Blinn died Thursday of natural causes at an assisted-living community in Burbank, Calif., his daughter, Anneliese Johnson, said Saturday.
Among his many accolades, Blinn won both Emmy and Peabody awards for the 1971 TV movie “Brian's Song," which dramatized the friendship of Chicago Bears players Brian Piccolo and Gale Sayers. It was a hit when it aired and is an enduring favorite with sports fans and critics.
The original film starred James Caan and Billy Dee Williams. It portrayed the two bonding when they became roommates on the road, rare at the time for Black and White players. They drew closer when Piccolo was diagnosed with cancer that proved terminal in 1970. "Brian's Song" was remade in 2001 starring Sean Maher and Mekhi Phifer.
Writer William Blinn, winner of the Paddy Chayefsky Laurel Award, attends the 2009 Writers Guild Awards at the Hyatt Regency Century Plaza Hotel on February 7, 2009 in Century City, California.
(Jean Baptiste Lacroix/WireImage)
Last month, Hall of Fame running back Sayers died at age 77.
Blinn was also well known for his work on “Roots,” the blockbuster 1977 miniseries adapted from Alex Haley's book about his African American ancestors in slavery and freedom. The miniseries won an Emmy and a Humanitas Prize.

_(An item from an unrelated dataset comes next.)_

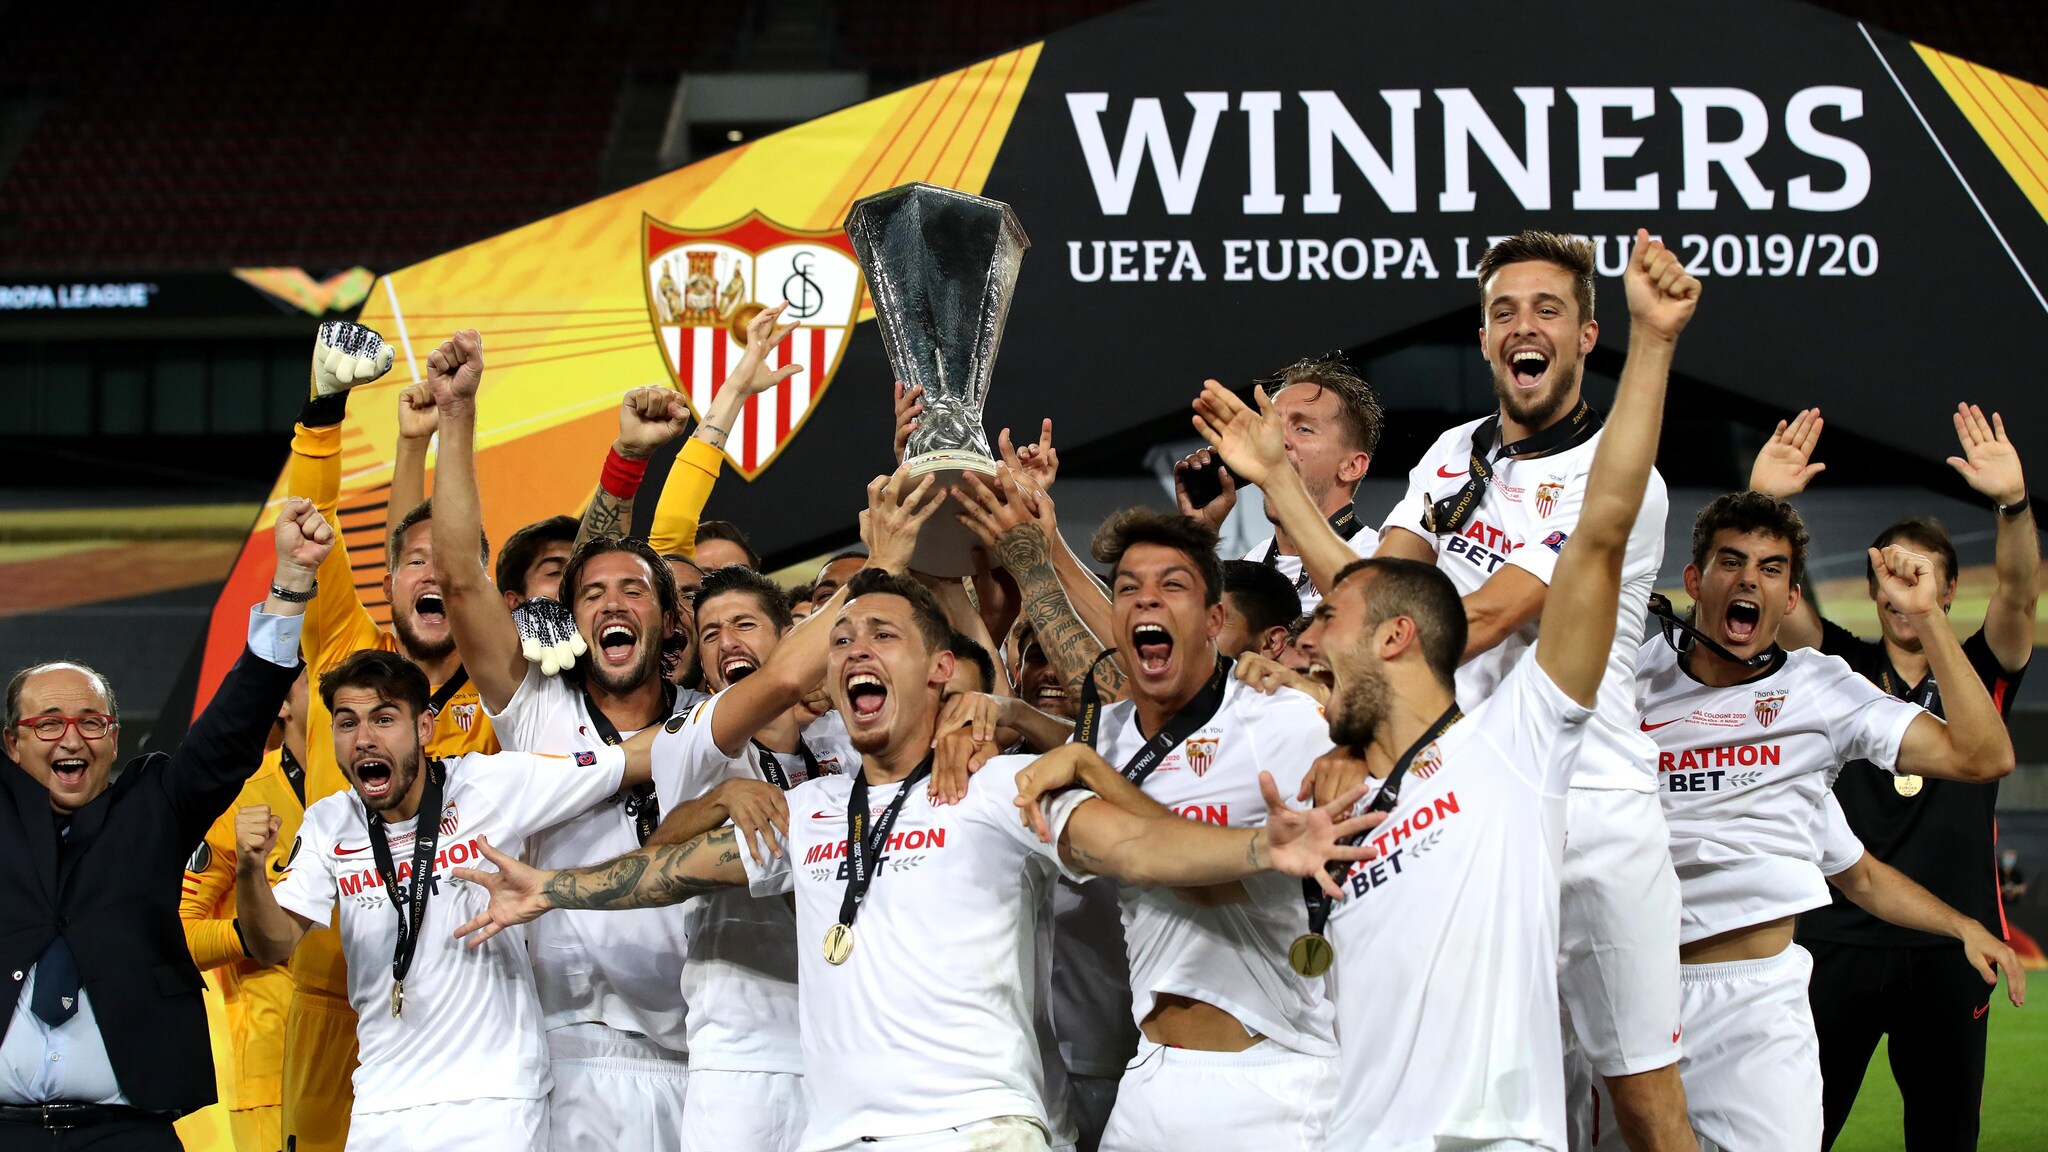 2020 UEFA Cup and Europa League winners Sevilla. UEFA Europa League winners Sevilla 2016. UEFA Europa League winners Sevilla 2019-20. 2014 UEFA Cup and Europa League winners Sevilla.

“He was a master of his art and a gentleman of the first order. Rest easy, my friend,” actor Jim Beaver ("Deadwood," “Supernatural”) posted on Twitter.
Johnson described her father as a “pioneer who went against the grain and wrote and created what he felt. … He wanted to create what really felt organic and authentic. He never acquiesced to the industry."
Blinn was modest about his accomplishments and the accolades he received, she said, with a “humble, grounded view of life” that he imparted to his family.
A native of Toledo, Ohio, Blinn's early TV credits included the 1960's shows “Rawhide,” “Bonanza” and “My Favorite Martian.” He went on to create and produce television shows; among them “Starsky & Hutch,” “The Rookies,” and “Pensacola: Wings of Gold,” in a career that spanned five decades.
Blinn and Albert Magnoli wrote 1984′s “Purple Rain,” which Magnoli directed.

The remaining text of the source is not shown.